Его горло было плотно забинтовано платком.
Мы видели его в пять часов вечера, он ехал в автомобиле на вокзал. Он упирался в голову своей громадной оранжевой палки и не ответил на наш поклон. Он нас не заметил.
Он также не заметил, проезжая мимо шестого участка, небольшого свежего плаката: в тачке сидит чернобородый, страшный человек с оранжевой палкой под мышкой, а вокруг карликовые деревья, гигантские травы и красное утопическое солнце.
Это все случилось через семь дней.
Но в то утро, в которое кончается наша хроника, — все было еще неопределенно и тревожно…
Ну, дорогой Саша, позвольте мне на этом пожелать вам всего доброго.
Простите за то, что мое посвящение в своем начале звучит несколько торжественно, несколько по-французски.
Но, право, на меня начинает влиять затянувшееся пребывание в Париже.
Помните наши с вами разговоры о Париже?
Представьте себе, Париж — это совсем не то. Я не нашел в нем того, что искал, того, что мне снилось, но зато нашел нечто гораздо большее.
Я нашел в Париже — чувство истории.
Мы слишком молоды. Мы пока еще лишены этого чувства.
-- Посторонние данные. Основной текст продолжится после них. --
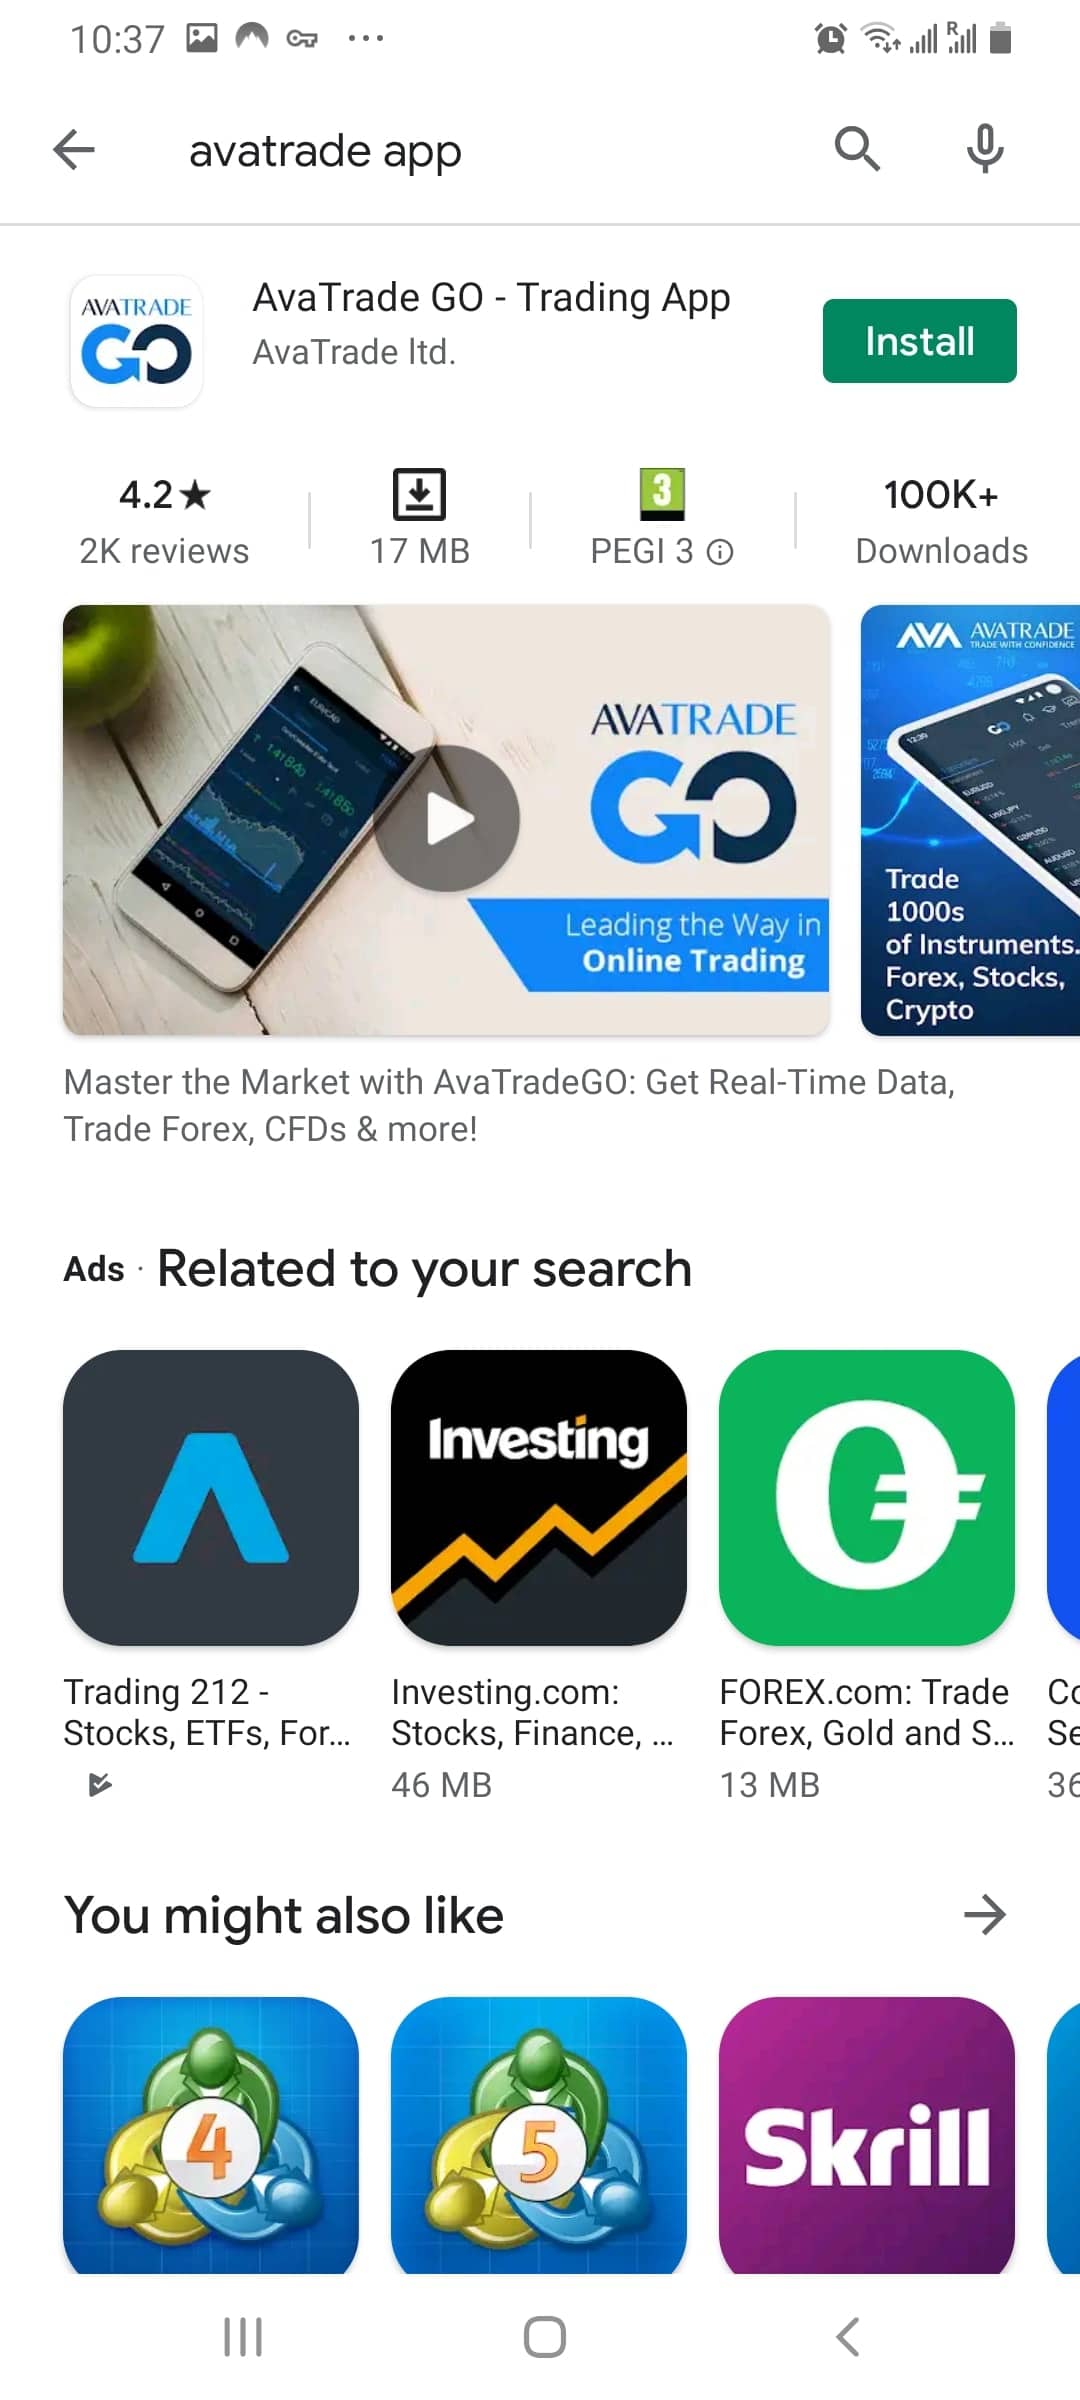 Best Forex Trading App May 2022 - Top Apps Revealed

Но уже кое-кто из наших передовых умов пытается в нас разбудить его.
И недаром Горький настойчиво твердит: пишите историю фабрик и заводов, пишите историю Красной Армии, создавайте историю Великой Русской Пролетарской Революции, в тысячи и тысячи раз более великой и прекрасной, чем «великая» французская.
Пусть ни одна мелочь, ни одна даже самая крошечная подробность наших неповторимых, героических дней первой пятилетки не будет забыта.
И разве бетономешалка системы Егера, на которой ударные бригады пролетарской молодежи ставили мировые рекорды, менее достойна сохраниться в памяти потомков, чем ржавый
И разве футболка ударника, платочек и тапочки комсомолки, переходящее знамя ударной бригады, детский плакат с черепахой или с паровозом и рваные брезентовые штаны не дороже для нас в тысячи и тысячи раз коричневого фрака Дантона, опрокинутого стула Демулена, фригийского колпака, ордера на арест, подписанного голубой рукой Робеспьера, предсмертного письма королевы и полинявшей трехцветной кокарды, ветхой и легкой, как сухой цветок?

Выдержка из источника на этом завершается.